From d871c008fbf0832e502f8ae1367ecf8ab6796aa5 Mon Sep 17 00:00:00 2001
From: Ciro Santilli <ciro.santilli@gmail.com>
Date: Sat, 5 Aug 2017 21:18:57 +0100
Subject: [PATCH] devmem3

---
 buildroot_config_fragment     |  29 ++++++++++
 kernel_config_fragment        |   5 +-
 kernel_module/user/devmem3.c  | 103 ++++++++++++++++++++++++++++++++++
 kernel_module/user/uio_read.c |  30 ++++++++--
 qemu                          |   2 +-
 5 files changed, 161 insertions(+), 8 deletions(-)

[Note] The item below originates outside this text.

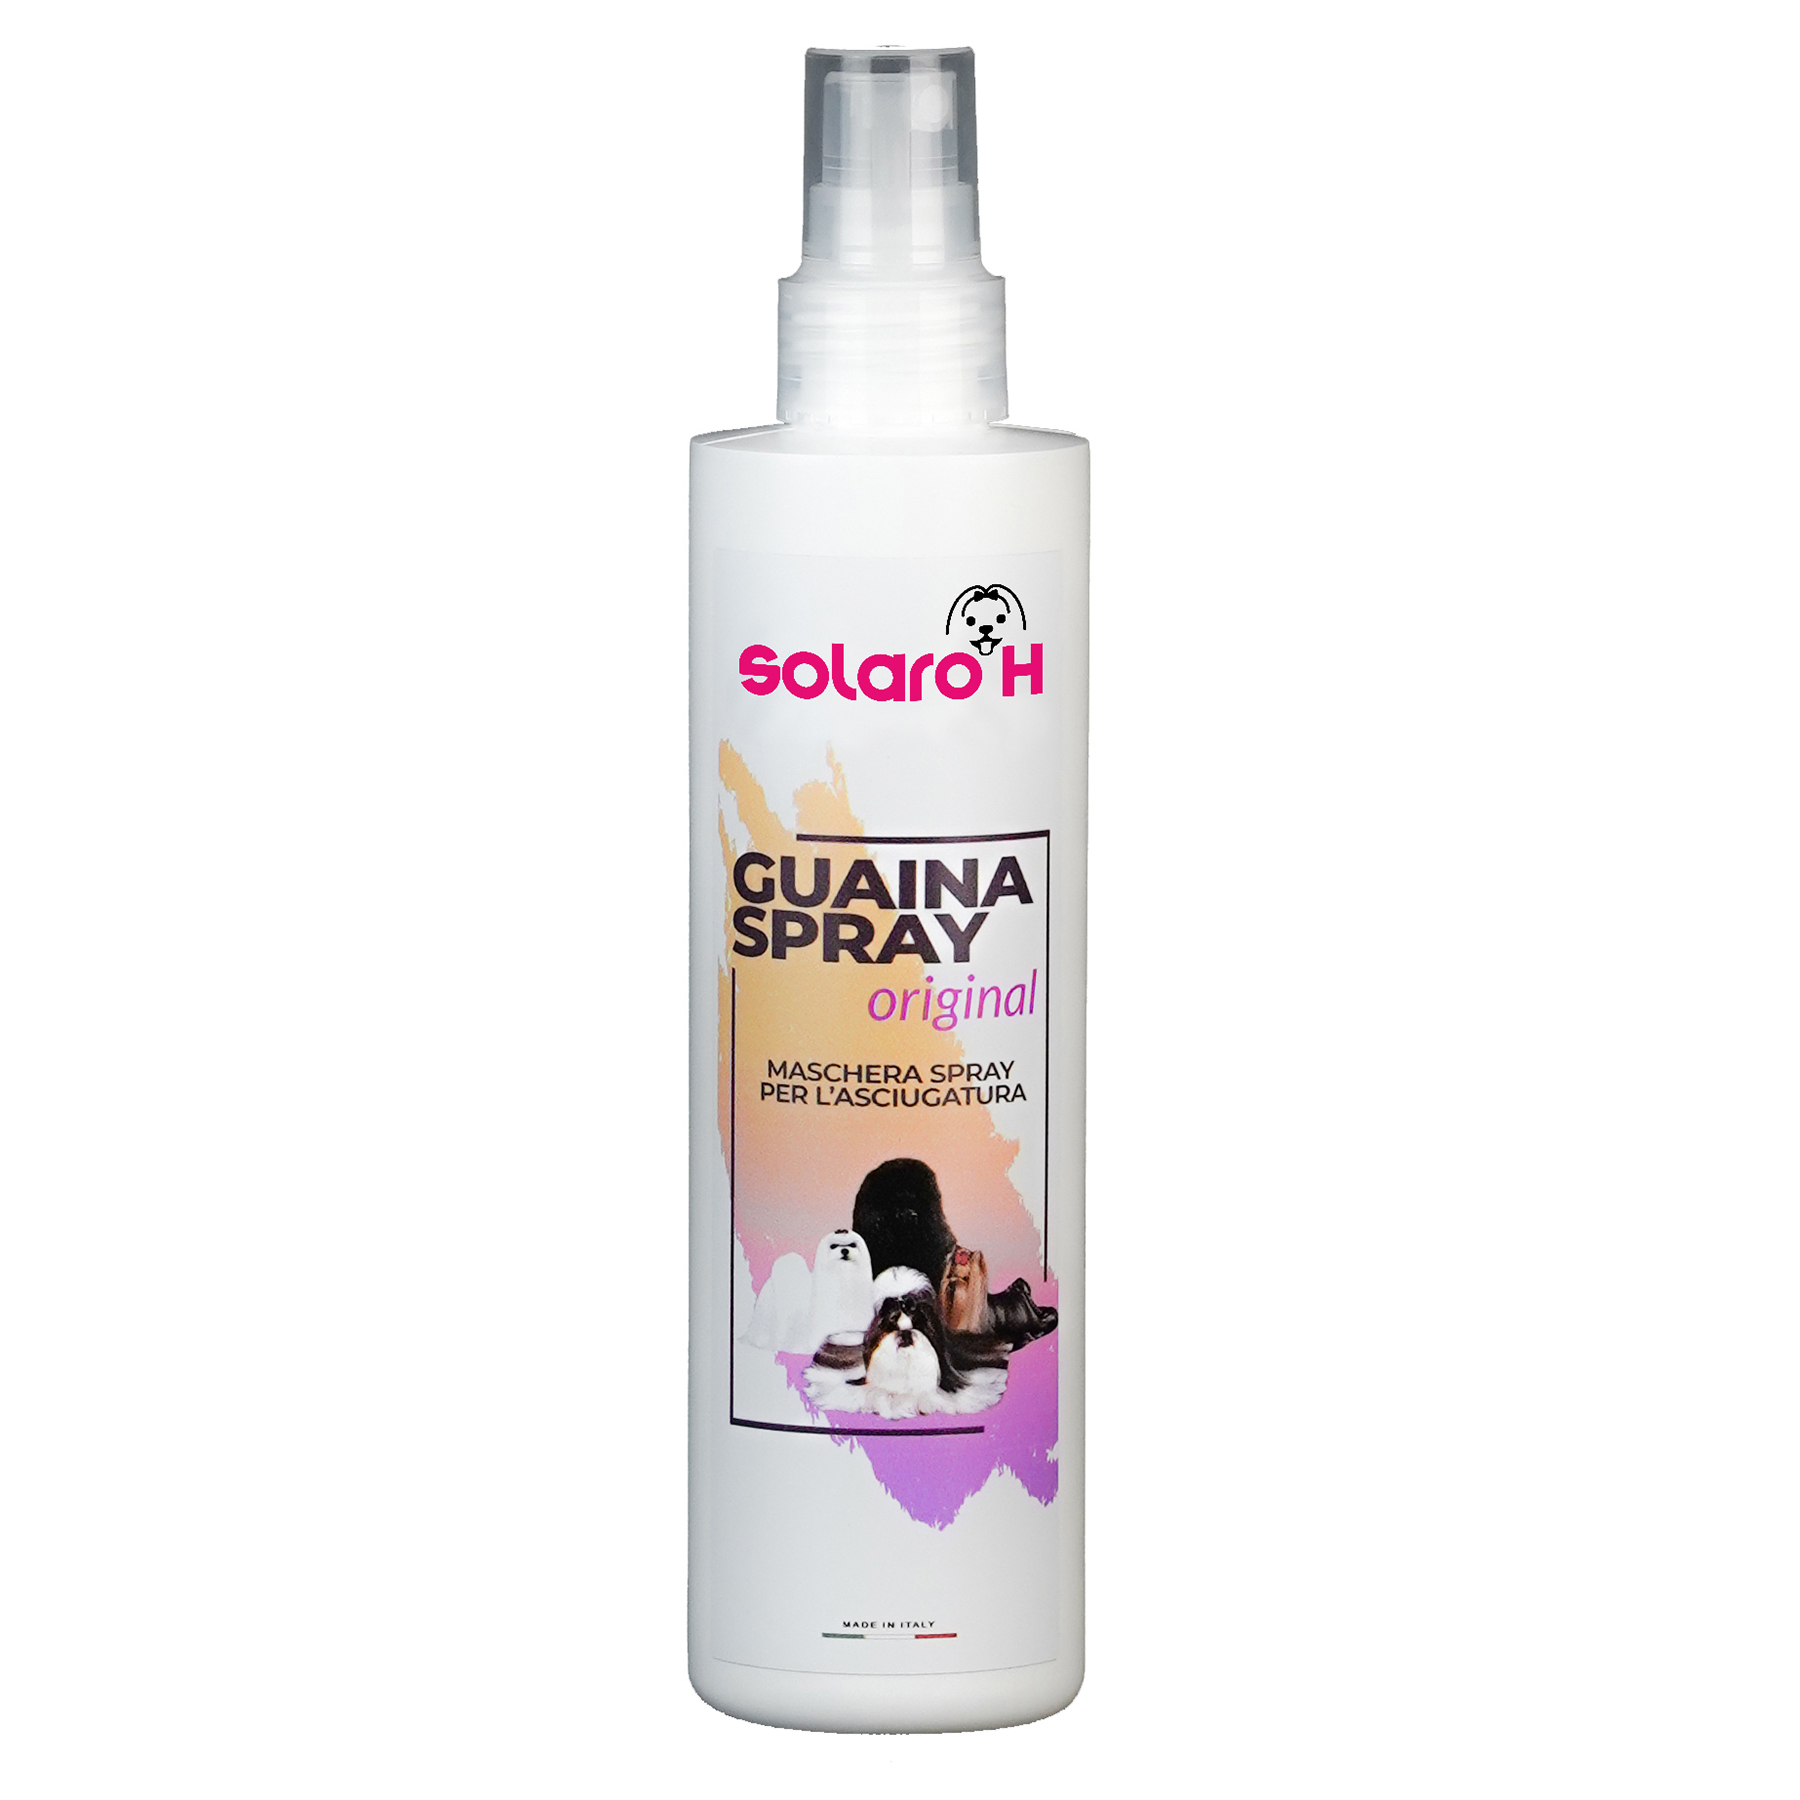 Solaro H Guaina Balsamo Spray
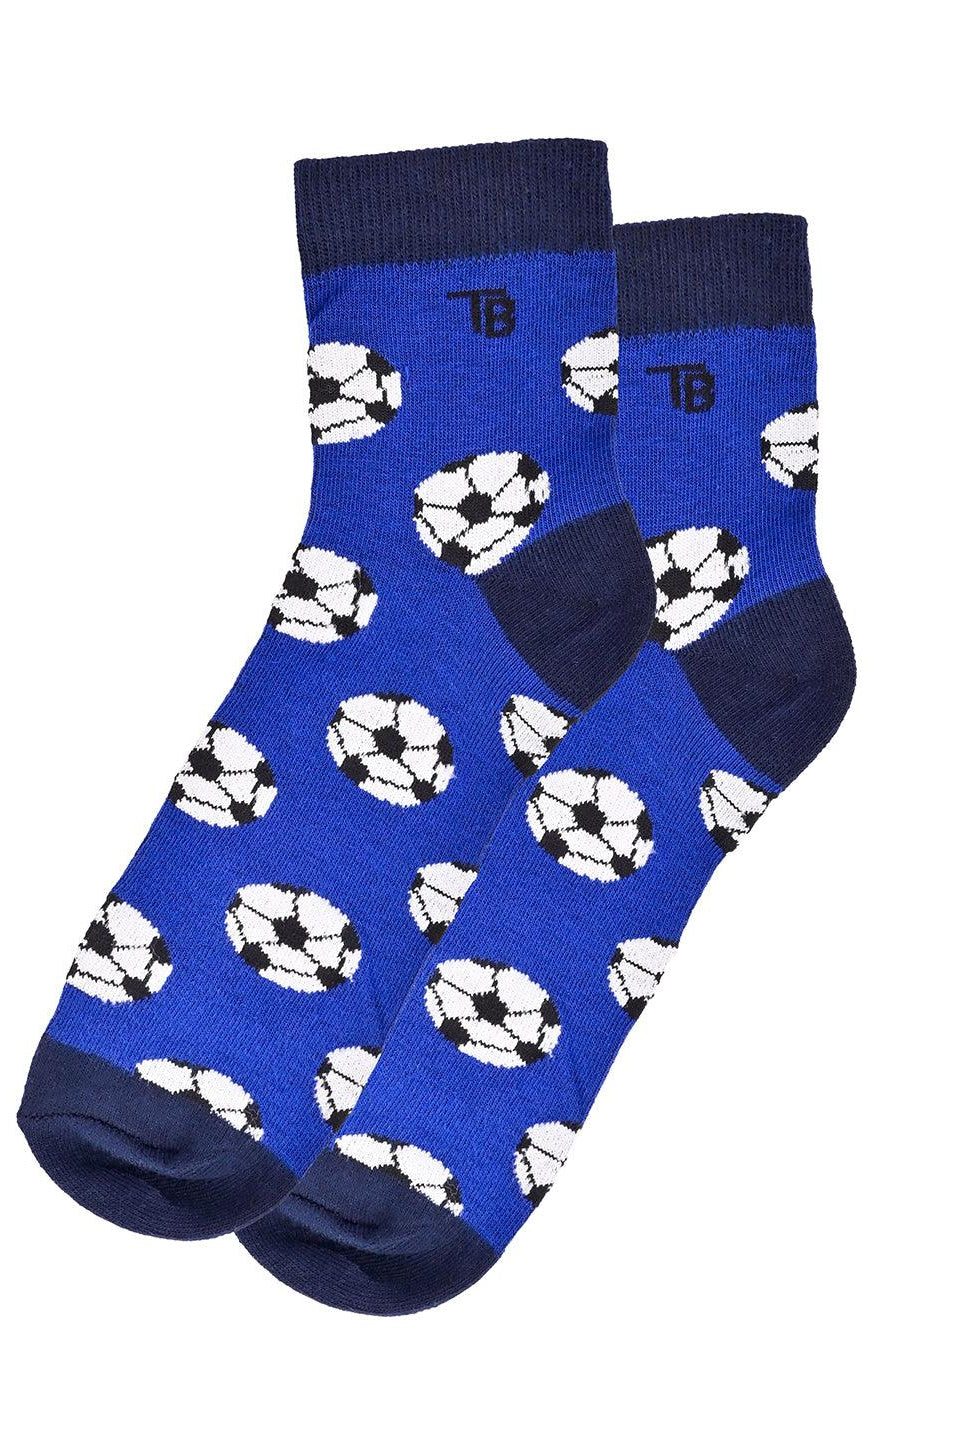 printed blue socks

 create mode 100644 kernel_module/user/devmem3.c

diff --git a/buildroot_config_fragment b/buildroot_config_fragment
index 153164d..598ed87 100644
--- a/buildroot_config_fragment
+++ b/buildroot_config_fragment
@@ -70,3 +70,32 @@ BR2_PACKAGE_HOST_DTC=y
 # TODO: have a look at: https://github.com/kaiwan/device-memory-readwrite
 #
 BR2_PACKAGE_DEVMEM2=y
+
+# Provides setpci and a lspci more advanced than Busybox's
+#
+# setpci can read and write to PCI configuration registers.
+#
+# Read is possible from Linux with:
+#
+#     hexdump /sys/bus/pci/devices/0000:00:05.0/config
+#
+# but setpci provies nice human readable register names, e.g.:
+#
+#     setpci --dumpregs
+#
+# then and then get the values with either bus or device id:
+#
+#     setpci -s 0000:00:05.0 BASE_ADDRESS_0
+#     setpci -d 1234:11e9 BASE_ADDRESS_0
+#
+# Note however that BASE_ADDRESS_0 also appears when you do:
+#
+#     lspci -v
+#
+# Then you can try messing with that address with:
+#
+#     devmem2 0xfeb52000 w 0x12345678
+#
+# which for our pci_min device fires interrupts.
+#
+BR2_PACKAGE_PCIUTILS=y
diff --git a/kernel_config_fragment b/kernel_config_fragment
index 41f5db1..5bfc604 100644
--- a/kernel_config_fragment
+++ b/kernel_config_fragment
@@ -138,11 +138,12 @@ CONFIG_ARM64_PTDUMP=y
 
 ## UIO
 
-# Userspace drivers.
+# Userspace drivers: allow you to handle IRQs and do memory IO from userland through a /dev file.
 #
 # Superseded by the more featureful VFIO.
 #
-# Documentation/DocBook/uio-howto.tmpl
+# Documentation/DocBook/uio-howto.tmpl contains actual userland examples
+# for the generic examples under drivers/uio
 #
 # UIO interface in a nutshell:
 #
diff --git a/kernel_module/user/devmem3.c b/kernel_module/user/devmem3.c
new file mode 100644
index 0000000..eb1d8e5
--- /dev/null
+++ b/kernel_module/user/devmem3.c
@@ -0,0 +1,103 @@
+/*
+Adapted from: http://free-electrons.com/pub/mirror/devmem2.c
+*/
+
+#include <stdio.h>
+#include <stdlib.h>
+#include <unistd.h>
+#include <string.h>
+#include <errno.h>
+#include <signal.h>
+#include <fcntl.h>
+#include <ctype.h>
+#include <termios.h>
+#include <sys/types.h>
+#include <sys/mman.h>
+#include <stdint.h>
+  
+#define FATAL do { fprintf(stderr, "Error at line %d, file %s (%d) [%s]\n", \
+  __LINE__, __FILE__, errno, strerror(errno)); exit(1); } while(0)
+ 
+#define MAP_SIZE 4096UL
+#define MAP_MASK (MAP_SIZE - 1)
+
+int main(int argc, char **argv) {
+    int fd;
+    void *map_base, *virt_addr; 
+	uintmax_t read_result, writeval;
+	off_t target;
+	int access_type = 'w';
+	
+	if(argc < 2) {
+		fprintf(stderr, "\nUsage:\t%s { address } [ type [ data ] ]\n"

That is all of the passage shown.